我正在尝试编写一个程序,它接受纽约市x / y坐标并将它们转换为lat / lng小数点。我是平面/全球贴图的新手。我已经包含了纽约市在其网站上提供的常量。如果有一篇关于如何做到这一点的好文章我也很乐意学习!下面是我编写的程序以及底部的注释输出以及理想值应该是什么。我有点在黑暗中磕磕绊绊。
#!/usr/bin/python
from math import *
"""
Supplied by NYC
Lambert Conformal Conic:
Standard Parallel: 40.666667
Standard Parallel: 41.033333
Longitude of Central Meridian: -74.000000
Latitude of Projection Origin: 40.166667
False Easting: 984250.000000
False Northing: 0.000000
"""
x = 981106 #nyc x coord
y = 195544 #nyc y coord
a = 6378137 #' major radius of ellipsoid, map units (NAD 83)
e = 0.08181922146 #' eccentricity of ellipsoid (NAD 83)

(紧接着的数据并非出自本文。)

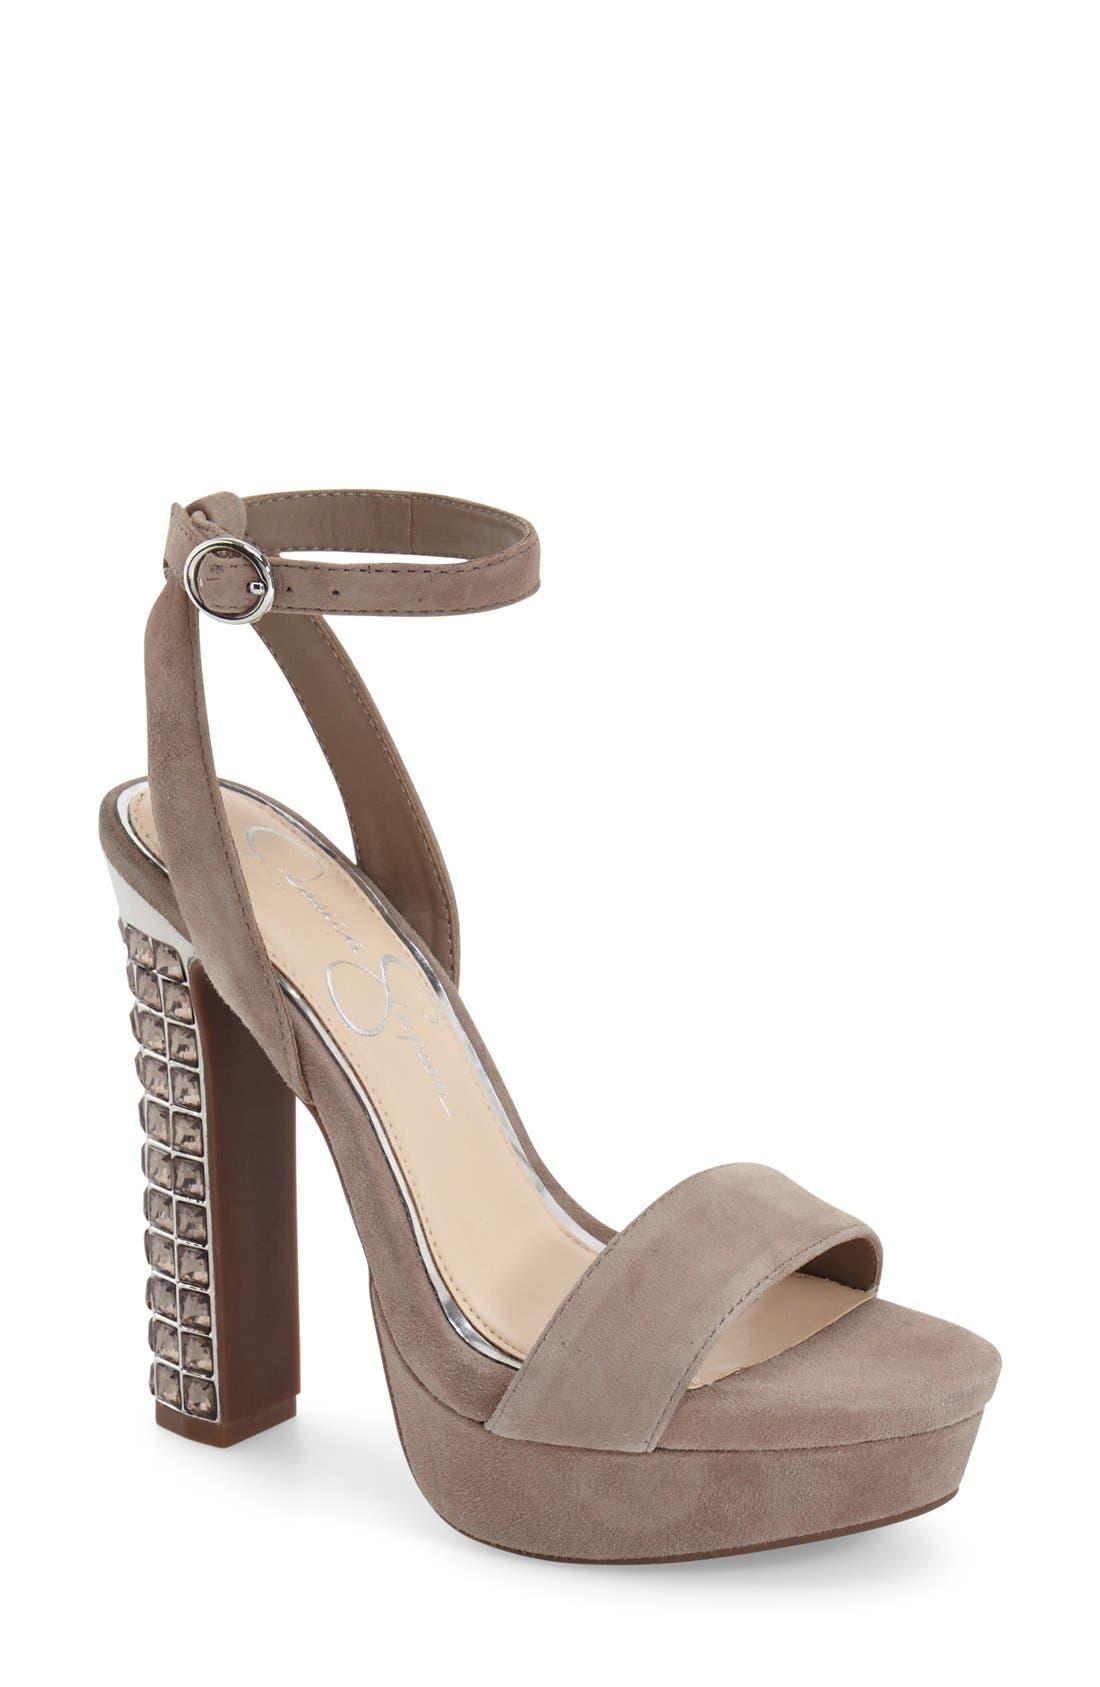 Main Image - Jessica Simpson 'Banda' Embellished Platform Sandal (Women)
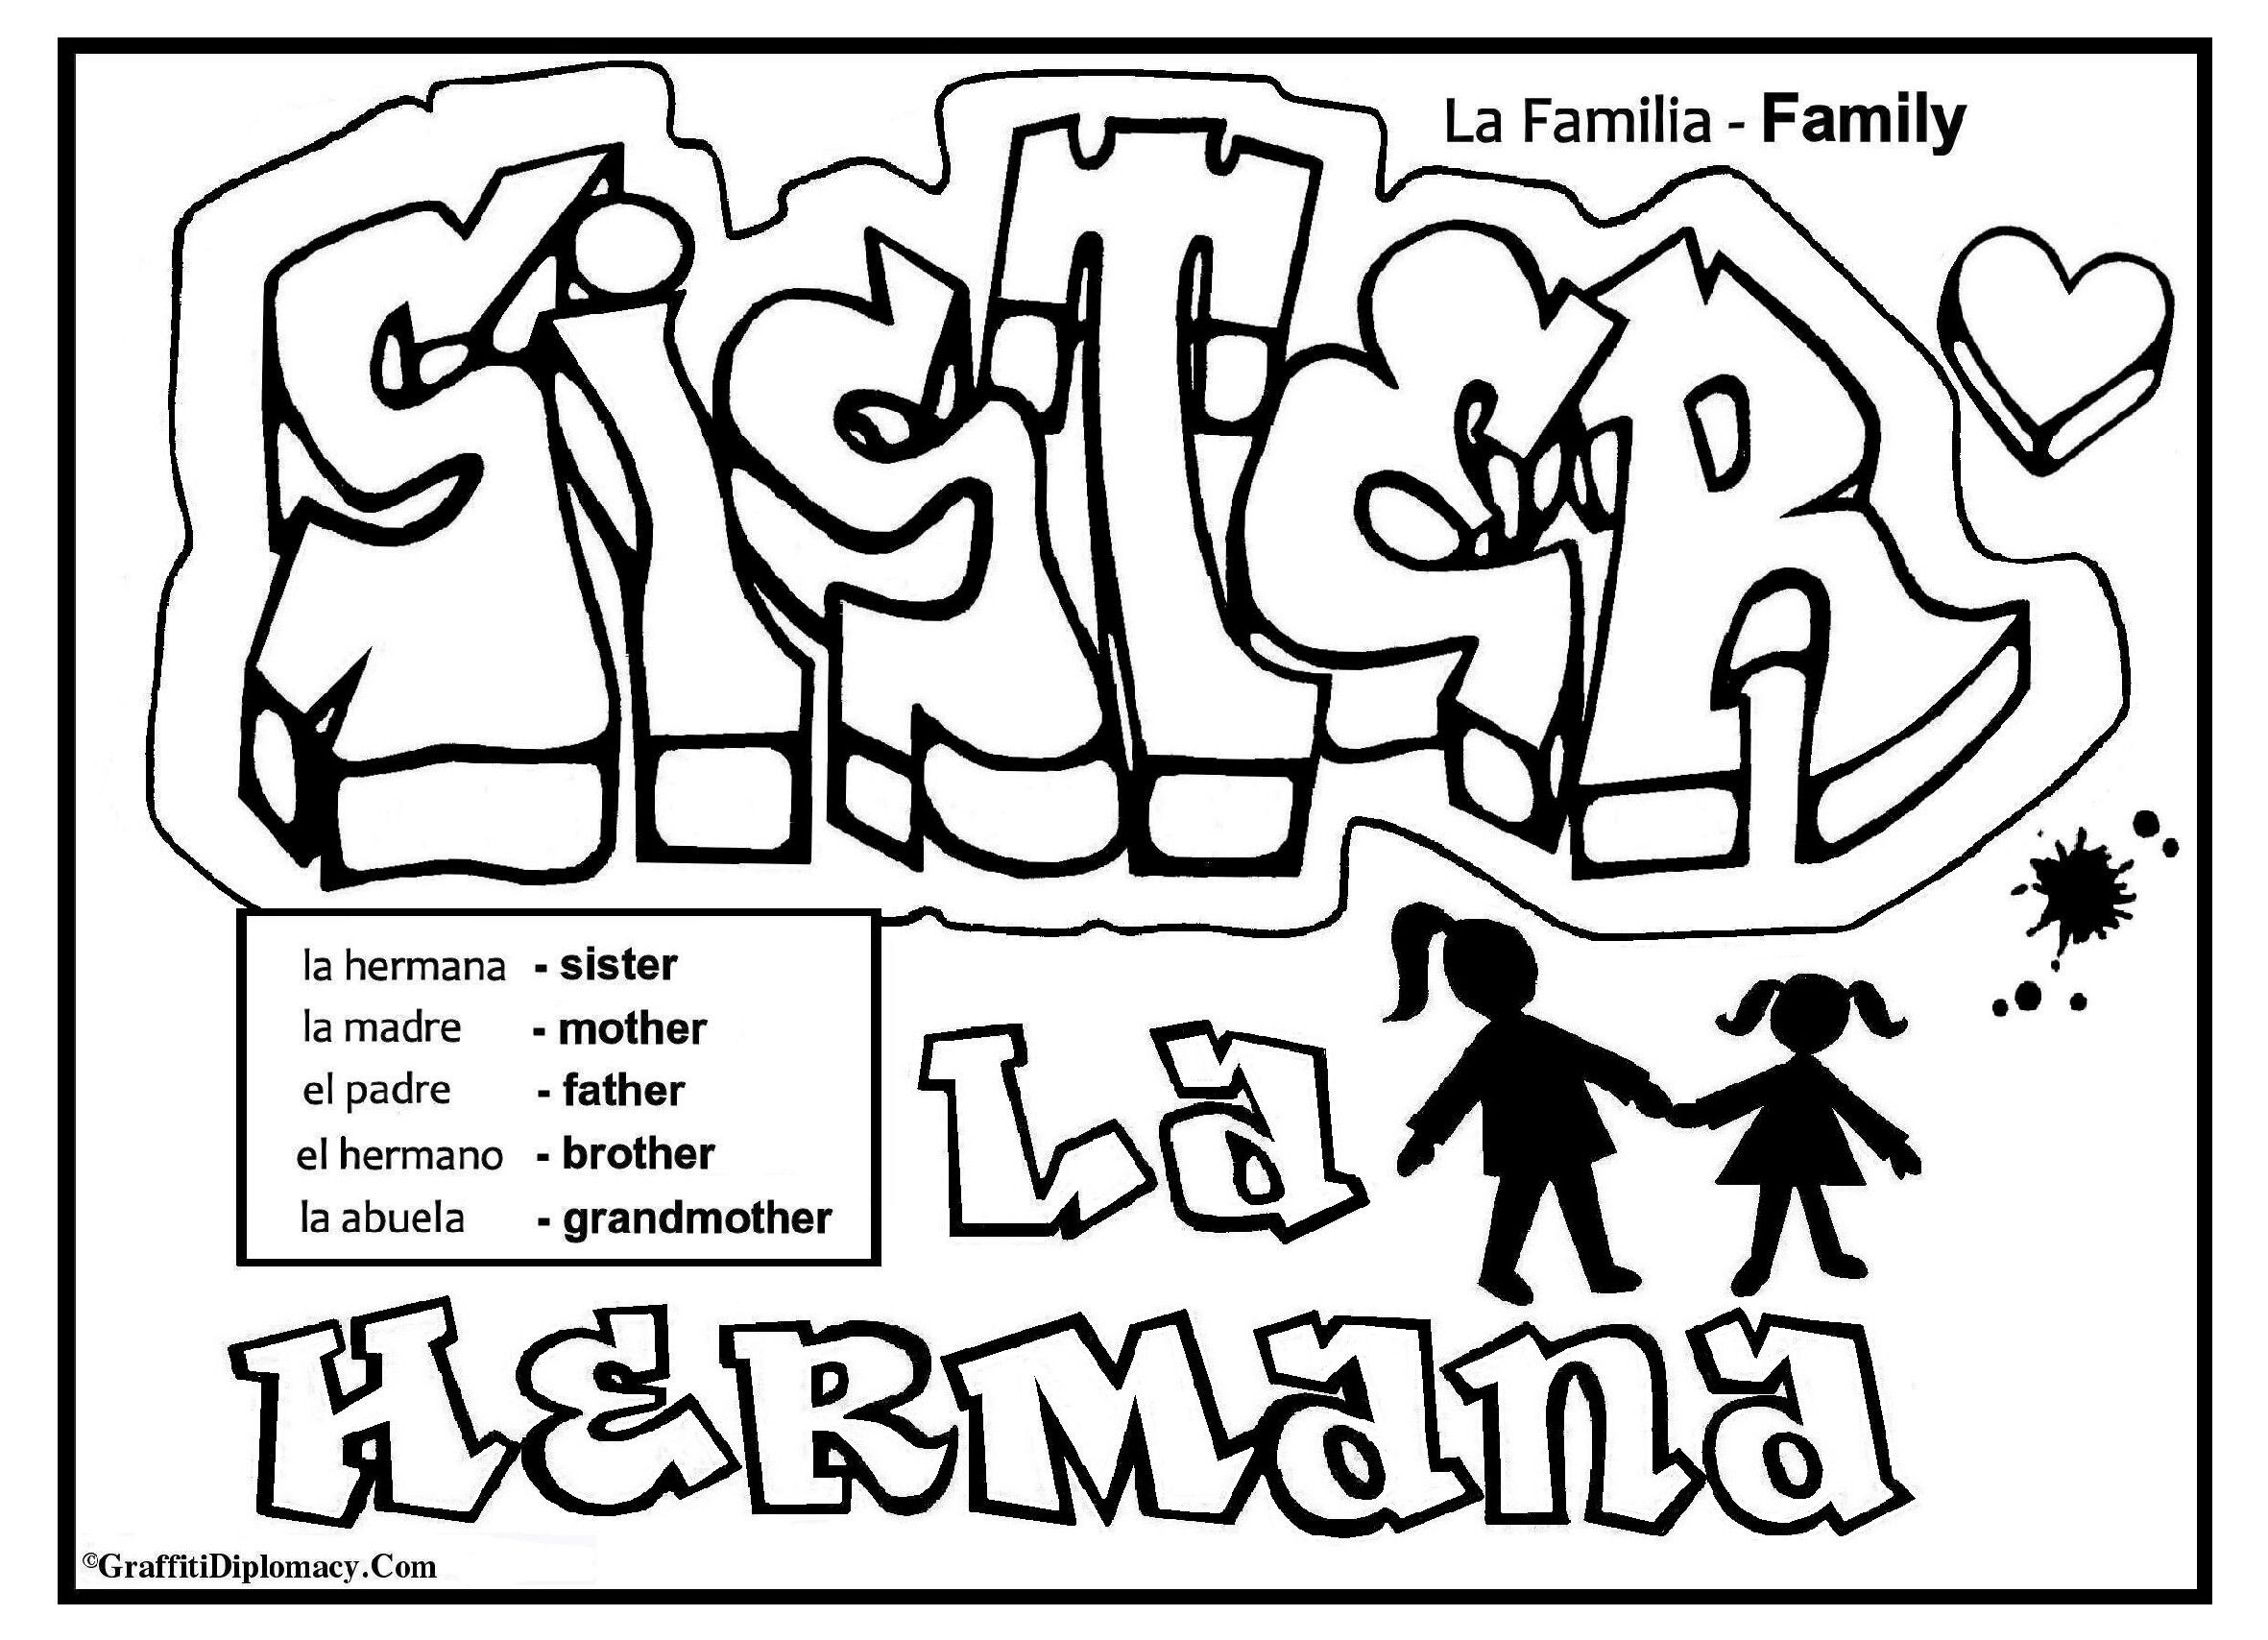 English Spanish Free Printable Graffiti Coloring Page

angRad = pi/180 #' number of radians in a degree
pi4 = pi/4 #' Pi / 4
p0 = 40.166667 * angRad #' latitude of origin
p1 = 40.666667 * angRad #' latitude of first standard parallel
p2 = 41.033333 * angRad #' latitude of second standard parallel
m0 = -74.000000 * angRad #' central meridian
x0 = 984250.000000 #' False easting of central meridian, map units
m1 = cos(p1) / sqrt(1 - ((e ** 2) * sin(p1) ** 2))
m2 = cos(p2) / sqrt(1 - ((e ** 2) * sin(p2) ** 2))
t0 = tan(pi4 - (p0 / 2))
t1 = tan(pi4 - (p1 / 2))
t2 = tan(pi4 - (p2 / 2))
t0 = t0 / (((1 - (e * (sin(p0)))) / (1 + (e * (sin(p0)))))**(e / 2))
t1 = t1 / (((1 - (e * (sin(p1)))) / (1 + (e * (sin(p1)))))**(e / 2))
t2 = t2 / (((1 - (e * (sin(p2)))) / (1 + (e * (sin(p2)))))**(e / 2))
n = log(m1 / m2) / log(t1 / t2)
f = m1 / (n * (t1 ** n))
rho0 = a * f * (t0 ** n)
x = x - x0
pi2 = pi4 * 2
rho = sqrt((x ** 2) + ((rho0 - y) ** 2))
theta = atan(x / (rho0 - y))
t = (rho / (a * f)) ** (1 / n)
lon = (theta / n) + m0
x = x + x0
lat0 = pi2 - (2 * atan(t))
part1 = (1 - (e * sin(lat0))) / (1 + (e * sin(lat0)))
lat1 = pi2 - (2 * atan(t * (part1 ** (e / 2))))
while abs(lat1 - lat0) < 0.000000002:
lat0 = lat1
part1 = (1 - (e * sin(lat0))) / (1 + (e * sin(lat0)))
lat1 = pi2 - (2 * atan(t * (part1 ^ (e / 2))))
lat = lat1 / angRad
lon = lon / angRad
print lat,lon
#output : 41.9266666432 -74.0378981653
#should be 40.703778, -74.011829
我非常困难,我有很多需要地理编码的 谢谢你的帮助!
答案 0 :(得分:5)
单词回答:pyproj
>>> from pyproj import Proj
>>> pnyc = Proj(
... proj='lcc',
... datum='NAD83',
... lat_1=40.666667,
... lat_2=41.033333,
... lat_0=40.166667,
... lon_0=-74.0,
... x_0=984250.0,
... y_0=0.0)
>>> x = [981106.0]
>>> y = [195544.0]
>>> lon, lat = pnyc(x, y, inverse=True)
>>> lon, lat
([-74.037898165369015], [41.927378144152335])
答案 1 :(得分:1)
答案 2 :(得分:0)
owww。你最好使用图书馆。一点点搜索表明应该是the python interface to gdal
this question使用gdal,但不是通过python api(它们只是通过python中的命令行调用gdal),但可能会有帮助。
您可能最好在gis stackexchange询问更多信息。
我不清楚你从哪里得到上面的代码。如果你链接到它我/某人可以检查明显的实施错误。
答案 3 :(得分:0)
您可以在地图表面上选择网格并找出这些网格点的纬度/长度,然后使用插值进行转换,而不是尝试完成所有数学运算。根据投影的线性度,可能不需要很多点来获得良好的准确度。